Crecí en una familia muy pobre y cuando cumplí siete falleció mi madre. Mis abuelos se ocuparon de mí. Pasé mi juventud fregando platos en el restaurante de mi tío. Cambié varios institutos, lo cual dificultó mi manera de relacionarme con las personas y construyó una idea extraña que desarrollé acerca de mi propia identidad. Solía tener problemas en clase. Mis compañeros se metían conmigo porque era pobre y decían que era raro. Había mucho dolor y rabia no procesados en mi pasado y cubría mis necesidades con factores y personas externos. Me he visto, de pronto, corriendo de una relación a otra, de una fantasía a otra... Recreaba los mismos conflictos porque sólo sabía desenvolverme en ellos y en ese patrón me perdí.

Decidí parar. Así de sencillo. Parar para sentir algo. Y, joder si sentí. Quería llamarla cada segundo y lloraba en casa todos los días. Hablaba con mi abuela por teléfono y curiosamente, la separación nos unió como nunca. Volvía a una casa limpia, pero vacía.
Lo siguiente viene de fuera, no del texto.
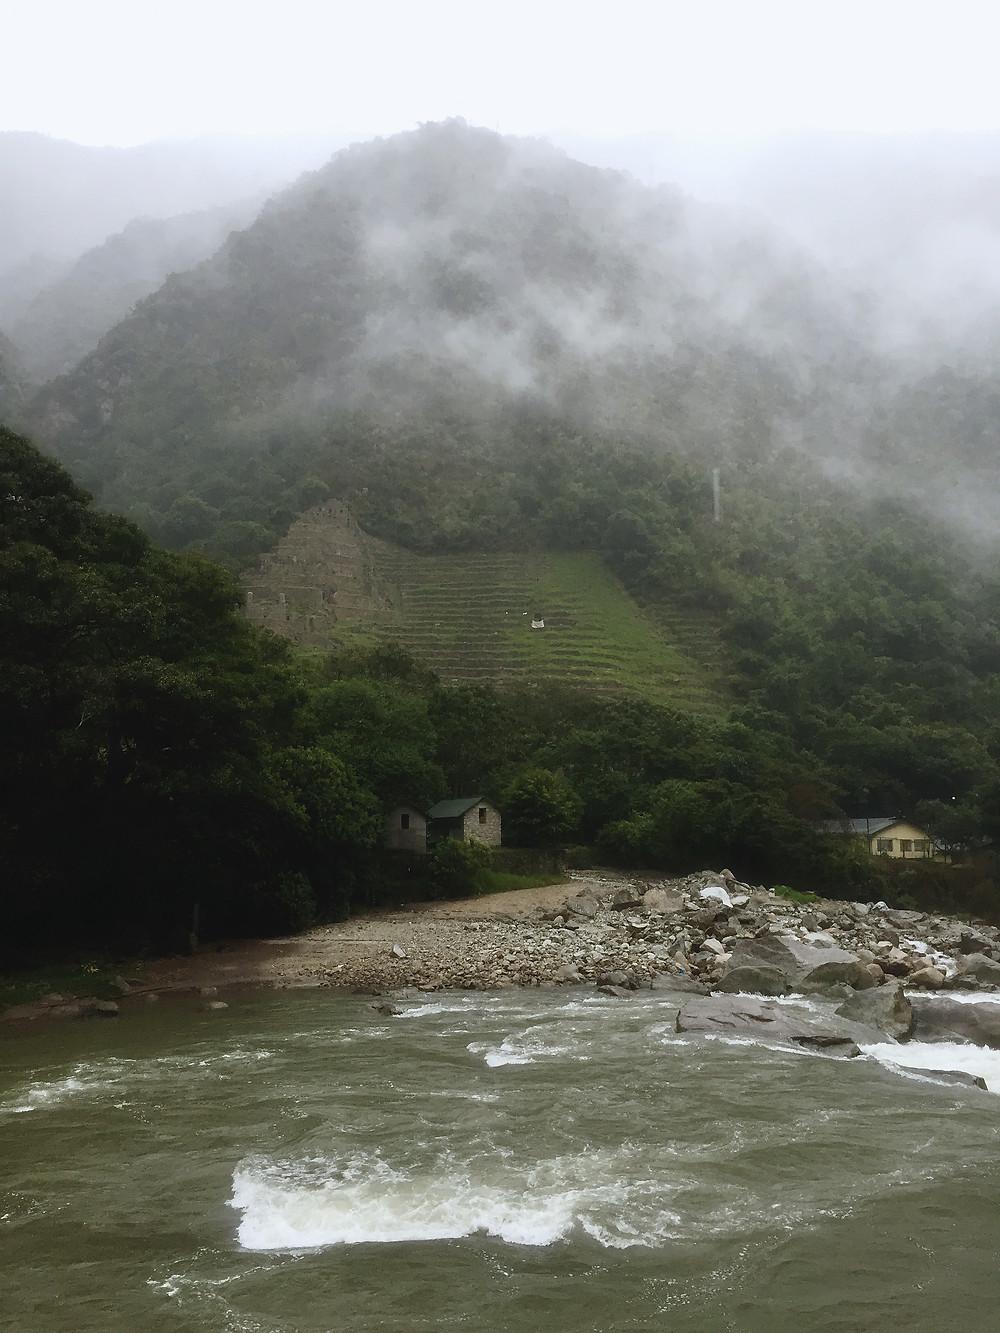 Along Urubamba river

Sin novia, sin bebé, llena de silencio. Y me rompía cada tarde. Una y otra vez. Sujetaba el teléfono y me mordía el puño. Me atragantaba por la rabia y la frustración y mi corazón latía tan rápido que me quemaba el pecho. Estaba tentado en llamarla y pedir ayuda. Pero tenía miedo de vernos de nuevo. Y aún más miedo de ver que no estaría dispuesta a hablar conmigo ni concederme su tiempo. La solución era siempre la misma: esperar a mañana. Me mentía a mí mismo para sobrevivir las primeras semanas. Y todo fue pasando y volviéndose más opaco. 

Poco a poco, volví a la realidad. Después de ese medio año reflexioné mucho acerca de mí mismo y mi vida. Las decisiones que hacía y de cómo trataba a la gente que me rodeaba. Los amigos que quedaron a mi lado eran los buenos amigos. Reconecté con mi familia y me enfoqué en mi trabajo de otra manera. El silencio en casa ya no me asustaba y compré dos peces graciosos. Empecé a vivir en el aquí y el ahora.

Porque, nadie va a venir a salvarte de ti mismo.